I am a better man from knowing the great Coach Don McCauley. I miss him. I watched him get hurt by athletes countless times – and man, did it cut him deep. I saw him help athletes go from good to great, and then watched the same athletes leave him for some other guru. It baffled me. The best thing I learned from this process was that he never let his heart get hardened by the actions of an athlete. He opened his heart to the next athlete in exactly the same way.
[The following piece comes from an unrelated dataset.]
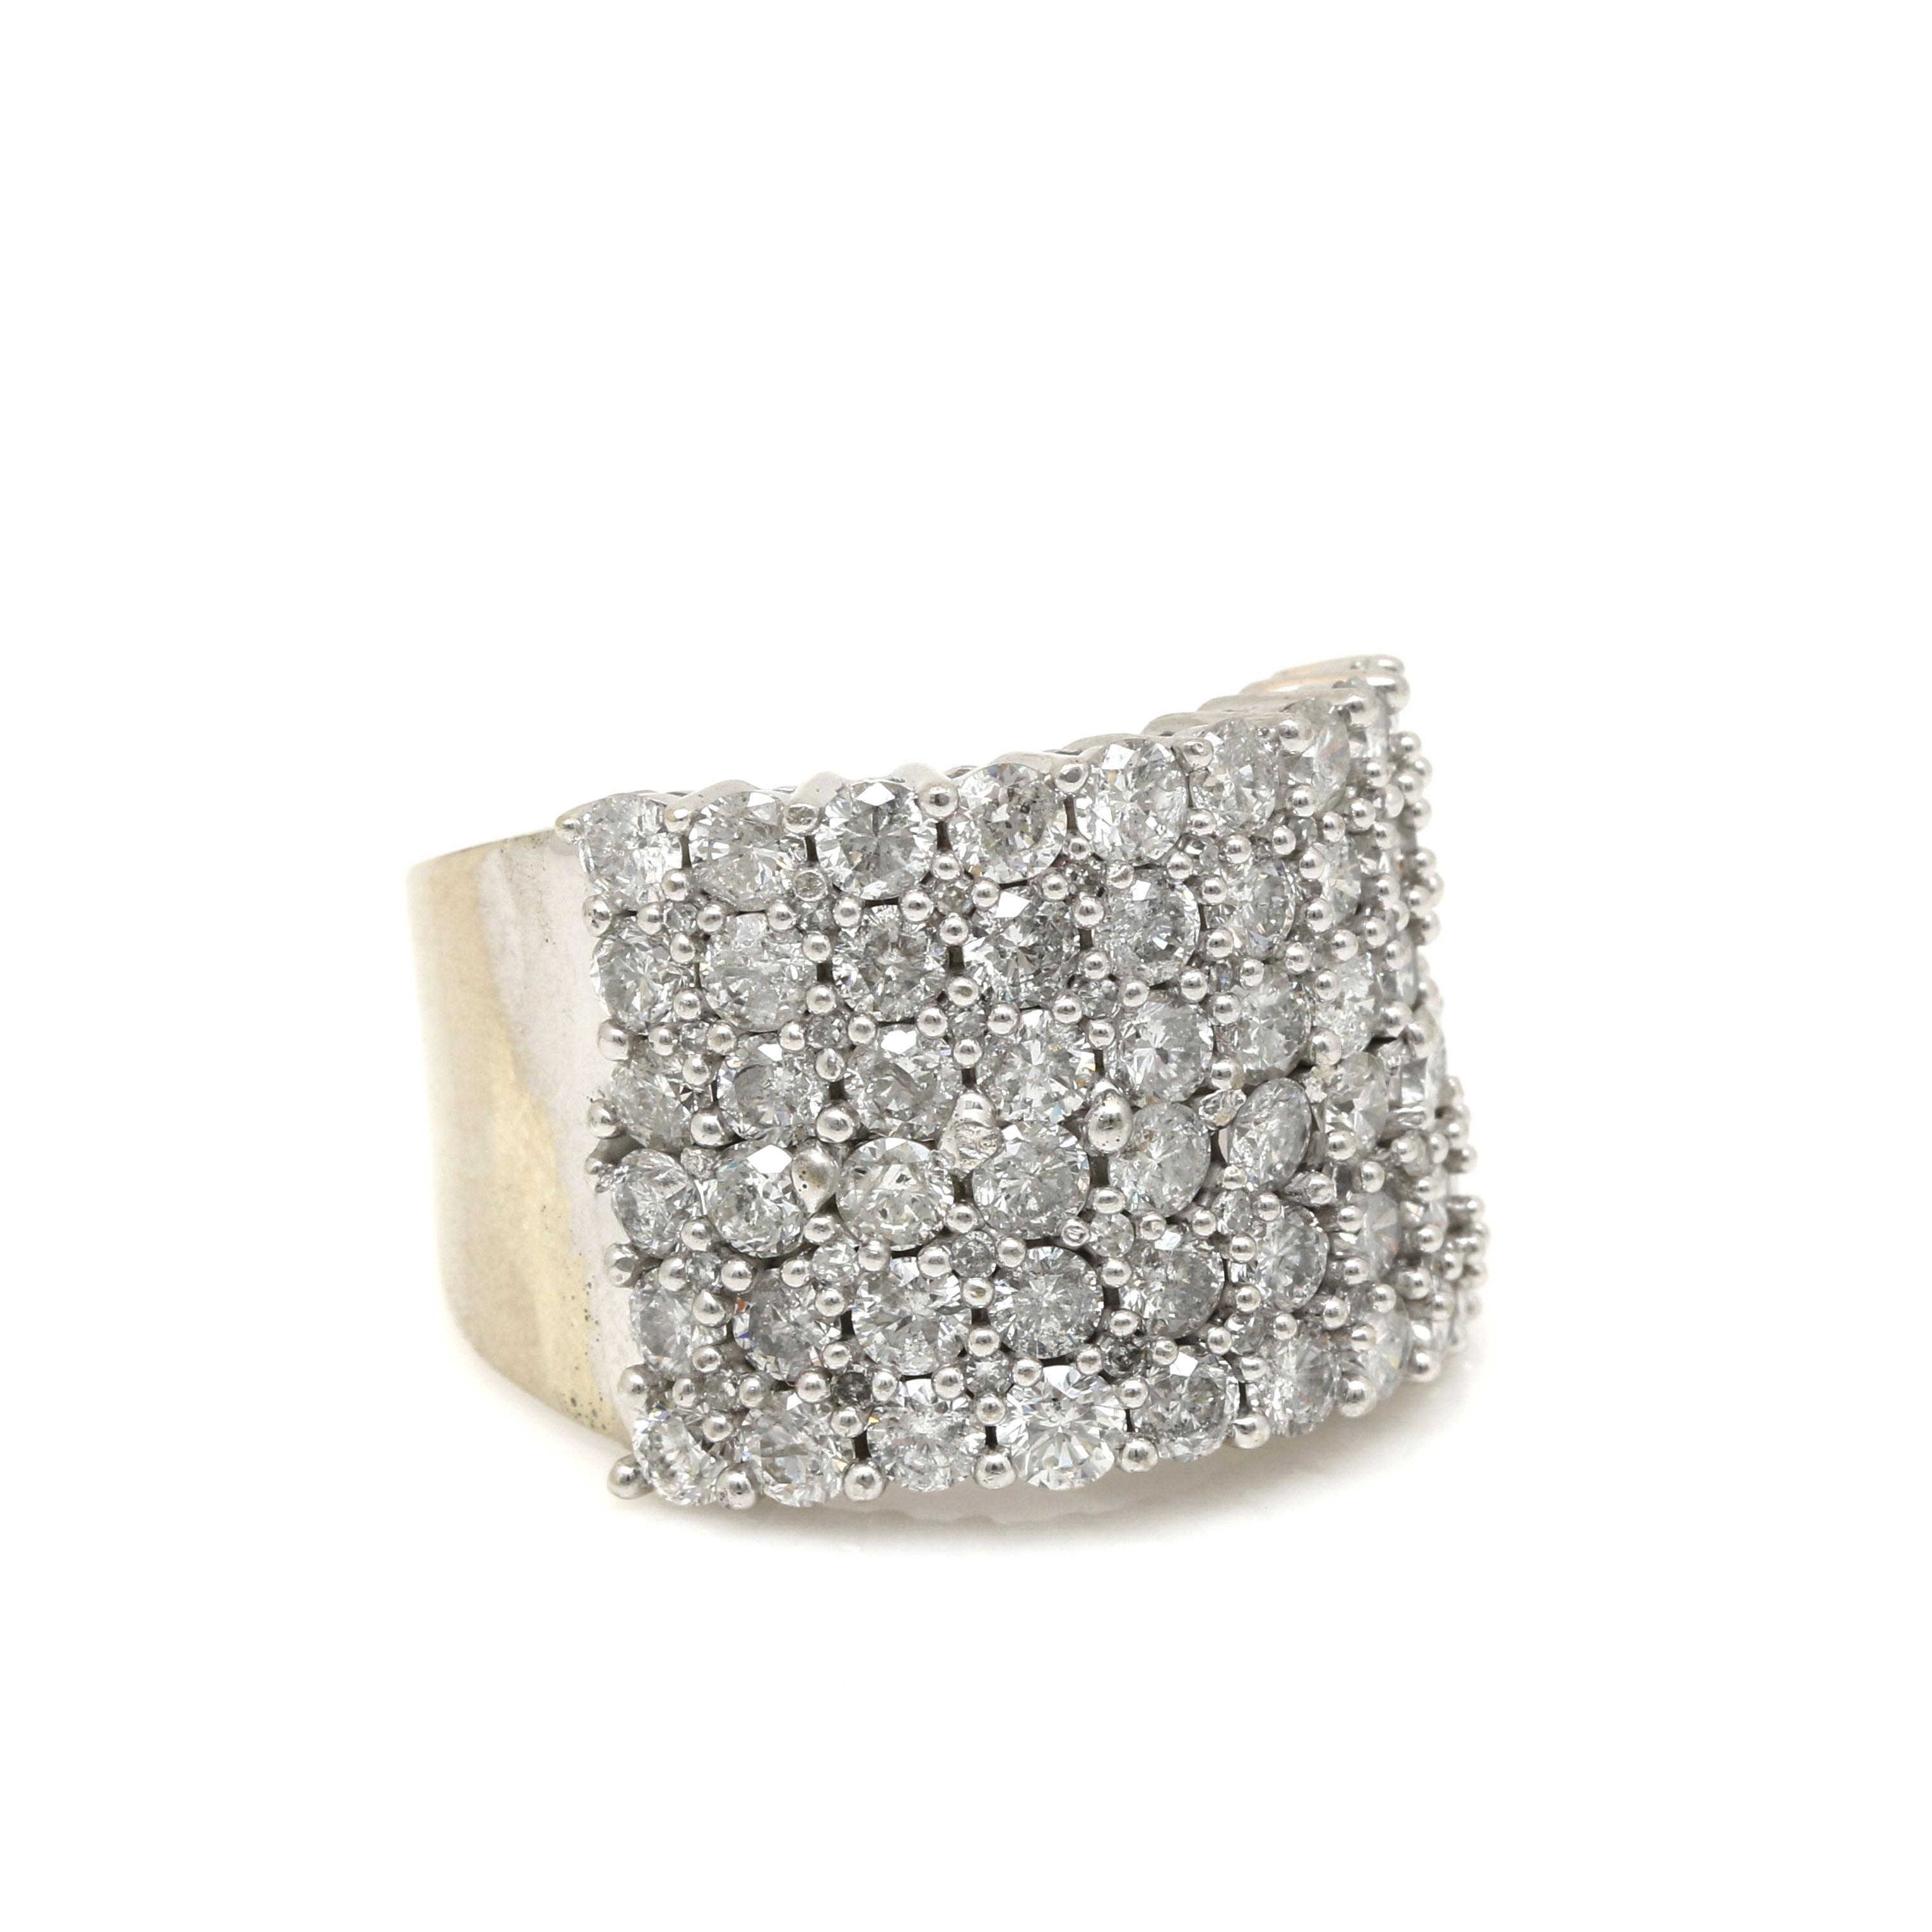 14K White Gold 4.75 CTW Diamond Cluster Ring

Lately I am still learning what appears to be his final lesson to me. I have the tendency to harden my heart to protect it from being broken, but that’s not what Don taught me – and surely isn’t what Christ taught me with His actions. I love my athletes. Don, I promise that I will love each of them in the exact same way as the ones before them. The scary part of being a coach is opening your heart up to new athletes, but it is also a necessary part. Coach Mac, tonight I will raise my glass in honor of you, and I promise to love each of my athletes the same way that you loved all of yours – no matter what hurt that love might bring.
So here’s to your final lesson! I love you, Coach Don. Your life’s work will live on with me and the countless other coaches and athletes that you touched during your time on this earth.
He was amazing to be around infectious! Always wanted success! Truly I’m a better coach because of him! Big Don!
Great write up Travis, truly sorry for your loss. I didn’t know Don but losing a mentor is hard to fathom. Take some time to grieve and then do what you love.
A long, long time ago, Don owned a gym in North Kingstown , Rhode Island. He helped everyone from body builders, olympic lifters , power lifters, runners, triathletes, you name it and he would help. Rest in peace Don,
Susan Ritter
I knew Don as a fellow co worker in group homes as direct care staff. I had just moved to RI and he and I shared many laughs and adventures. I am sorry to hear of the passing of this very kind generous gentle man. Peace to him and his friends and family.